Ropeyarn Sunday “Sea Stories” and Open Trackbacks

September 27th, 2006 by xformed

Welcome to another Wednesday. Link up your work so others may read it. Not saying I’m some powerhouse blog in readership, just another junction in the cyber-hiway, and it may get you another reader of three.

Yesterday I was discussing the absense of Tomahawk Anti-Ship Missiles (TASMs) from the surface and sub platforms. During the recounting, I mentioned a story about Adm Harry Harris, now the Commander of that lovely garden spot, Guantanamo Bay, Cuba, with the thankless job of supervising the “detainees” captured terrorists (I can say it, he can’t). Here is it:

So, there we were in late November ’85, freshly arrived in the North Arabian Sea with the SARATOGA Battle Group, lead by Adm David Jerimiah of CRUDESGRU EIGHT. It was a deployment to make sure the bad guys of the region knew we were hanging around, with things that go “BOOM!” and a way to get them to their doorstep. One of the threats that was normally faced in that region went TU and was out of play. We sent the USS CAPODANNO (FF-1095) down south of Yemen to put some eyeballs on it, as it was being towed out of theater, just to make sure the intel was correct. It was. This act of the enemy’s misfortune had the added benefit of freeing up one of our own platforms, which gave us someone to exercise with regularly.

As Adm Jerimiah sat at lunch, scanning a message, with Capt Wes Jordan sitting next to him, he commented his staff couldn’t get the tasking done in 48 hours. Commodore Jordan “graciously” offered to peruse the comminique from CTF 74 and offer his assistance. He read it, then looked at the Admiral and said “My staff can plan this in 48 minutes!”

He gets up, and walks from the Flag Mess up to the O-7 level, where we have the watch station (they wouldn’t let us set up in CDC). He walks in, tosses the meesage on the chart table between LCDR Steve Nerheim and I and says: “I told the Admiral you could plan this in 48 minutes. That was five minutes ago. You’ve got 43 minutes.”

Tasking: Plan a joint TASM attack with surface and submarine assests. CTF 74 mentioned the subs don’t get a chance often to practice that type of coordination, or even receiving the LINK 11 data for Over the Horizon Targeting (OTH-T). Note the salient points: Surface and sub attacking a surface target together. Purpose is to get the sub some experience using surface supplied info. extra salinet info: Our staff is assigned as “AX” (the anti-submarine warfare commander) duty for the battle group. SARATOGA is “AS” (anti-surface warfare commander).
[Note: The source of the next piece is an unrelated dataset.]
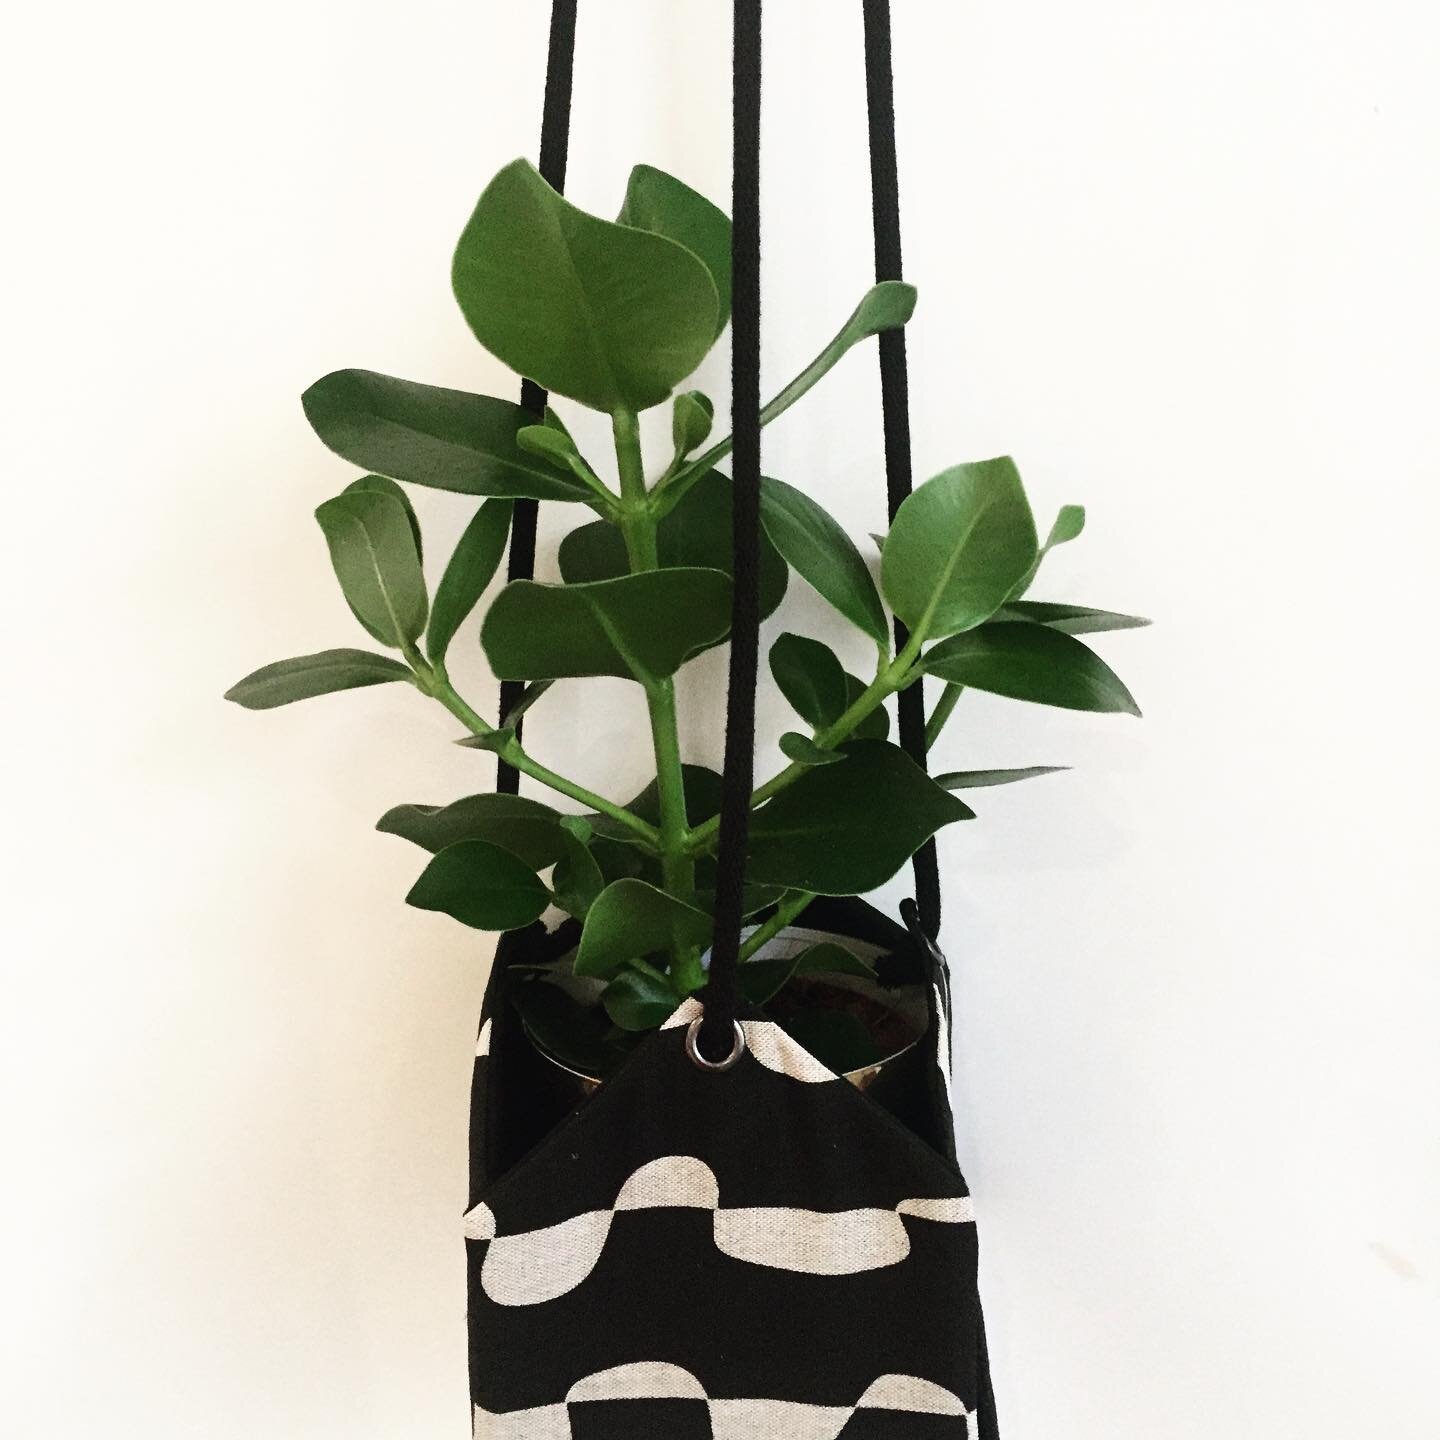 Thought we could all do with a bit of weekend plant action. My wave plant hanger is handmade by me using my own printed cotton linen....if you&rsquo;re looking for a gift to send this Mother&rsquo;s Day they come gift wrapped and are perfect for post

Yes, you’re now wondering why we are doing this, as the lowly sub guys, and having the junior 4 stripper as the boss. It’s because the Commodore is really, really (and I mean really) good at “volunteering” his staff for, well, anything that needs to get done. You get my drift, I’m sure. That’s how this happened.

We roll up our sleeves, put our heads together, Steve, I, OSCS(SW) Jim Koch, and the Chief Staff Officer. We make a plan. The returning FF will be the “tattletale,” the supporting USNS Oiler that had run down to top her off, and was lagging behind on the rerun was to be the target. The CONOLLY (DD-979), assigned to the Middle East Force (MEF) at the moment, was out operating with us for a few days. She was TASM equipped, so we had our players (including the sub). Comm plans were made, the slides quickly drawn and down the briefing room we went. The first run over the data, which happened promptly at the 48 minute mark, was to the CCDG-8 Ops staff, with Capt Tony Colucci (OPS) taking the brief. There were lots of people in the back of the room, some from CCDG8, some from SARATOGA. The master plan at this point is to make sure the Admiral is fine with the plan, then we’ll hand the sepcifics off to the SARATOGA ASUW guys for execution the next morning. Evryone nods to that. Once the pre-brief had a few corrections, the Admiral was summoned.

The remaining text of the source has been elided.